Mournfully announce to your audience your findings: What systems error, or more likely, what individual failure, has nearly killed you? Remember, this is not just “one of those things” that happens to everybody sometimes. This is a crisis of the first order, and a harbinger of far worse things to come.
If you have children or pets, you can try to rachet up your bid for sympathy by saying “Imagine if it had been the baby instead of me!” This lets everyone know that you don’t care a fig for your own well-being — you are simply deeply and uniquely committed to safety! The only one in the house who cares!

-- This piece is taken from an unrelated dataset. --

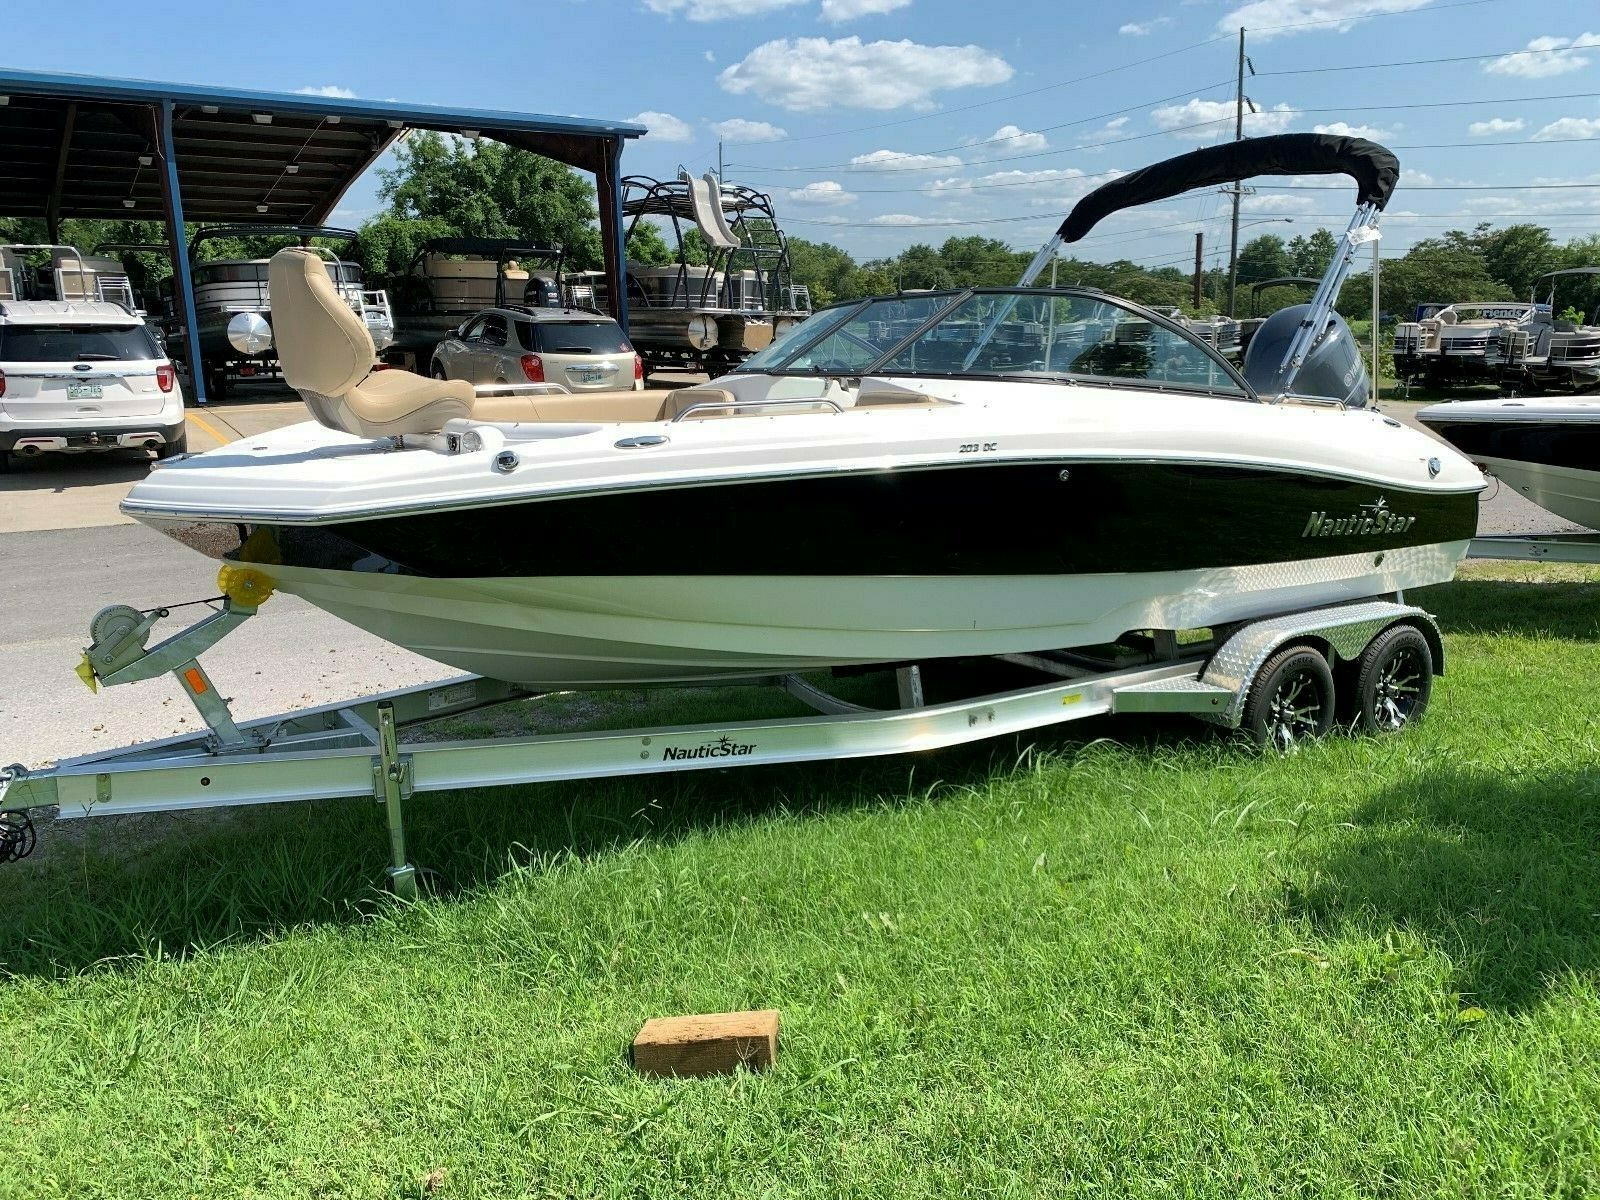 Nautic Star 203 DC 2019 for sale for 39,900

At this stage, refuse all offers of help. You have successfully distracted everyone else in the house from whatever they were doing, and demanded immediate attention and sympathy. Now, if they offer to help you clean up, it is very important that you decline. You only wanted to interrupt their work, not try to work together! You have suffered alone, and you will make the repairs alone! Now everyone feels annoyed for having been called away to do nothing, and they have to watch you do additional work, thus earning extra points on the great invisible Chore Wheel that turns about in revolutions of fire in everyone’s mind.
If you follow this blueprint exactly, you can make almost any situation worse in five minutes or less, at no additional cost to you, the consumer.

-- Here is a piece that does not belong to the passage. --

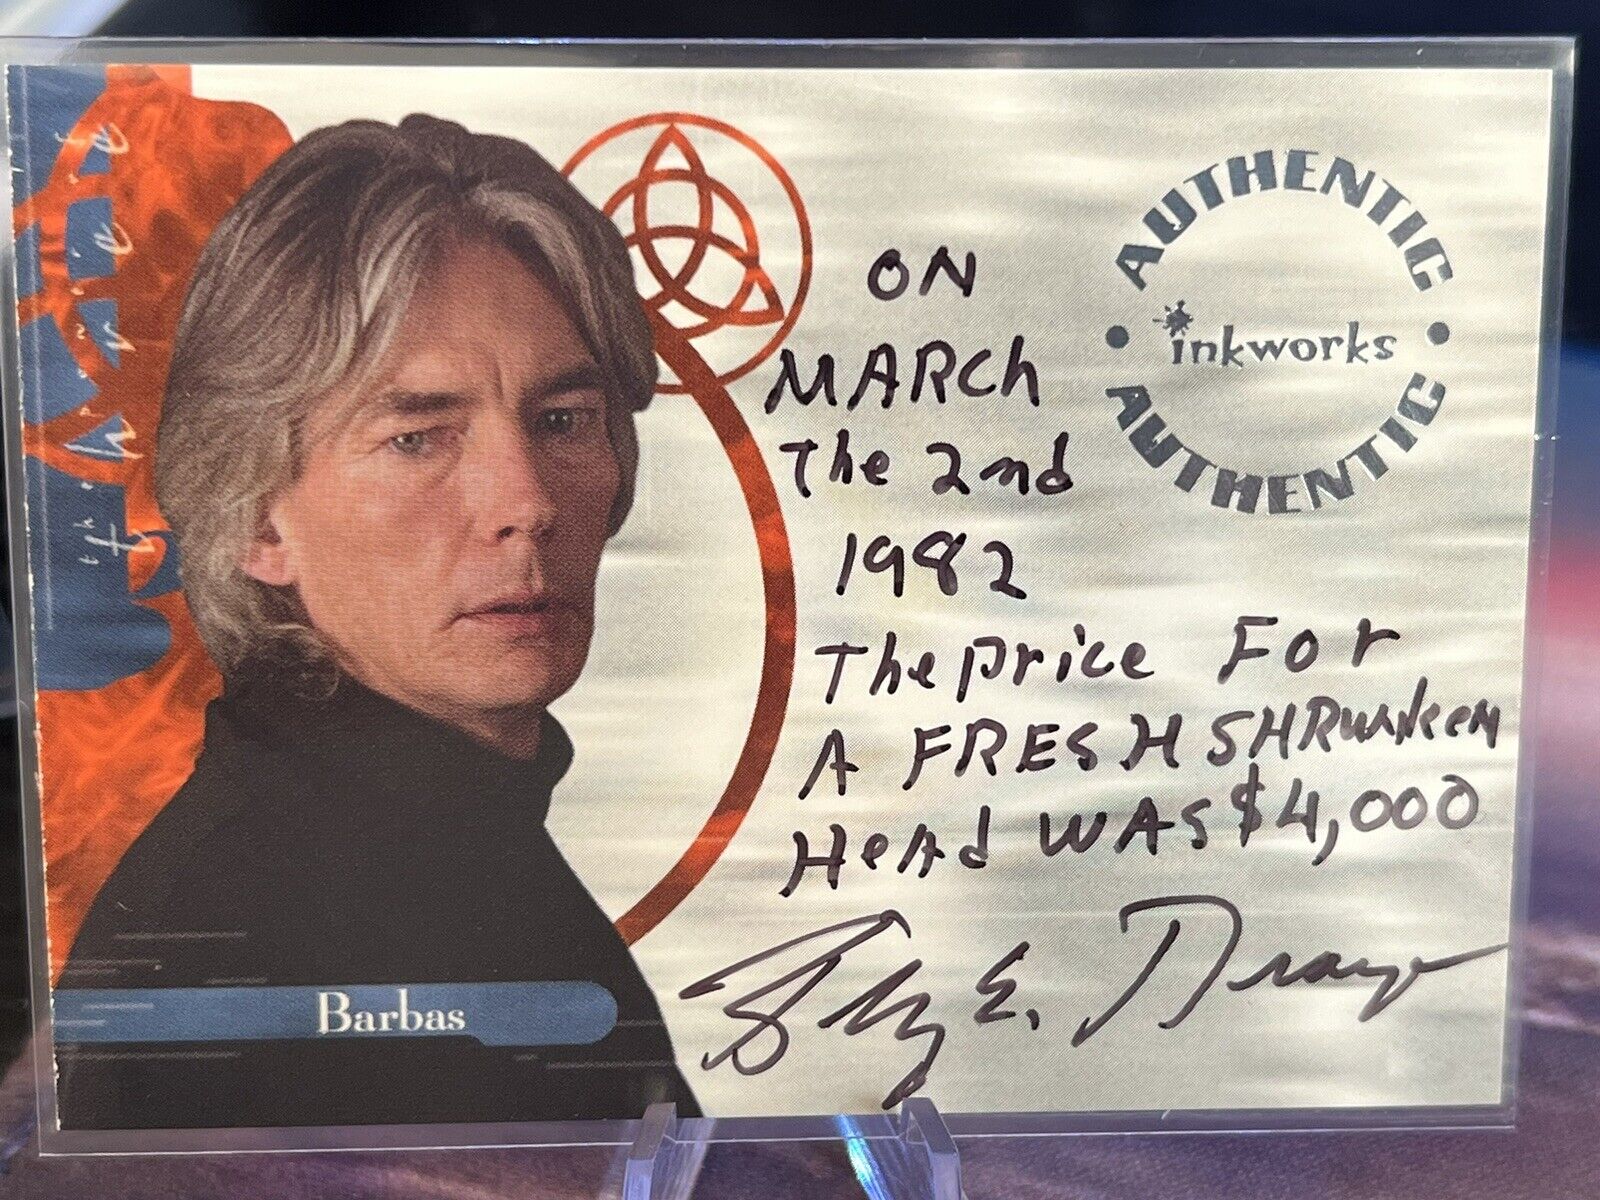 Charmed Power of Three Inkworks Autograph Card A11 Billy Drago as Barbas Auto

I even drew a little illustration of the encounter. I’m afraid it didn’t turn out very well in the end. The idea I wanted to communicate was one of being a beautiful hero against the treachery of objects, and spiritually wearing a fox-fur opera cape and top hat.

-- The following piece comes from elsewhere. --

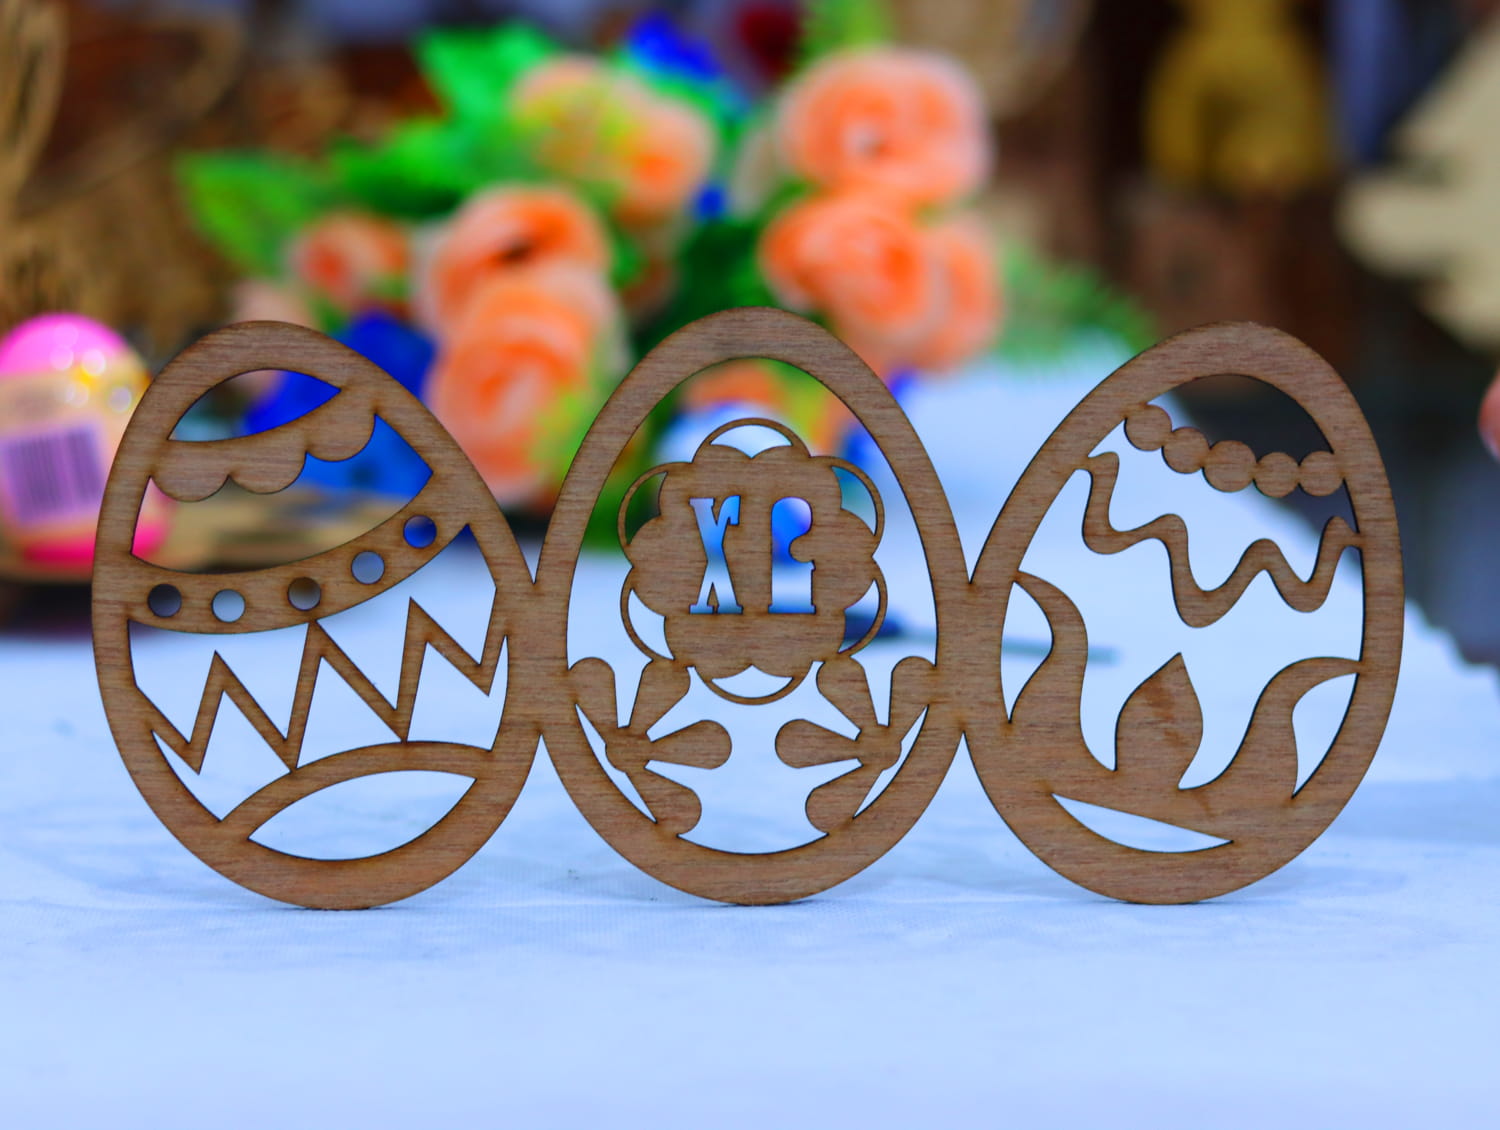 Laser Cut Wooden Easter Eggs Free Vector

The fridge is all right. It looks more like a partially-finished apartment building than a refrigerator, but you get the idea pretty well. I learned how to draw cubes from third-grade art class, and I remembered to put the freezer on the bottom and the handle on the right-hand side of the door. The little panel in the middle might look like a window, but it isn’t. It’s just a little electronic display that tells you what the temperature inside the fridge is. I have no quarrel with the panel.
You can tell just by looking, I think, that this isn’t a very good fridge; I think I’ve managed to capture something of its perfidious and perverse nature in the line work. On first glance it appears fairly ordinary — maybe a little narrow, but pretty ordinary nonetheless — but something about the arrangement unsettles the soul.
I mean, you’d know pretty quickly to be on your guard against such a fridge just from looking at this drawing. Just look at it! The fearful symmetry, et cetera.
I’ve drawn myself on the right, nobly and manfully objecting to the refrigerator’s behavior. Not complaining, mind you, and without the slightest hint of a whine, but righteously indignant about the existence of such wickedness. I took a J.C. Leyendecker drawing as my model. You can see for yourself that things didn’t turn out quite right.
I suspect that J.C. Leyendecker has probably had more practice, and was not hampered, as I have been, by having only a Paper Mate Flair medium felt-tip pen to work with. It’s a poor workman as blames his tools, I know, but how else to explain why the shadings of the cheekbone that look so natural on his fellow look like wrinkles on mine?
And I haven’t gotten the size of the top of the head right, either. Anyone can see that. And the ear is all wrong. I’ve filled it with some sort of Masonic sigil, instead of a few delicate little scribbles that nonetheless immediately and accurately communicate the inside of the human ear. Well, you can’t have everything in life.
Grace says "danny i love your fridge piece! if you mention that i had *made* the hot sauce from scratch using lacto-fermented red currants as a base i would also like that" which is a very good point
I think it's clear to everyone that to lay a bottle of hot sauce diagonally across the tops of other jars is tantamount to smashing that bottle on the floor yourself.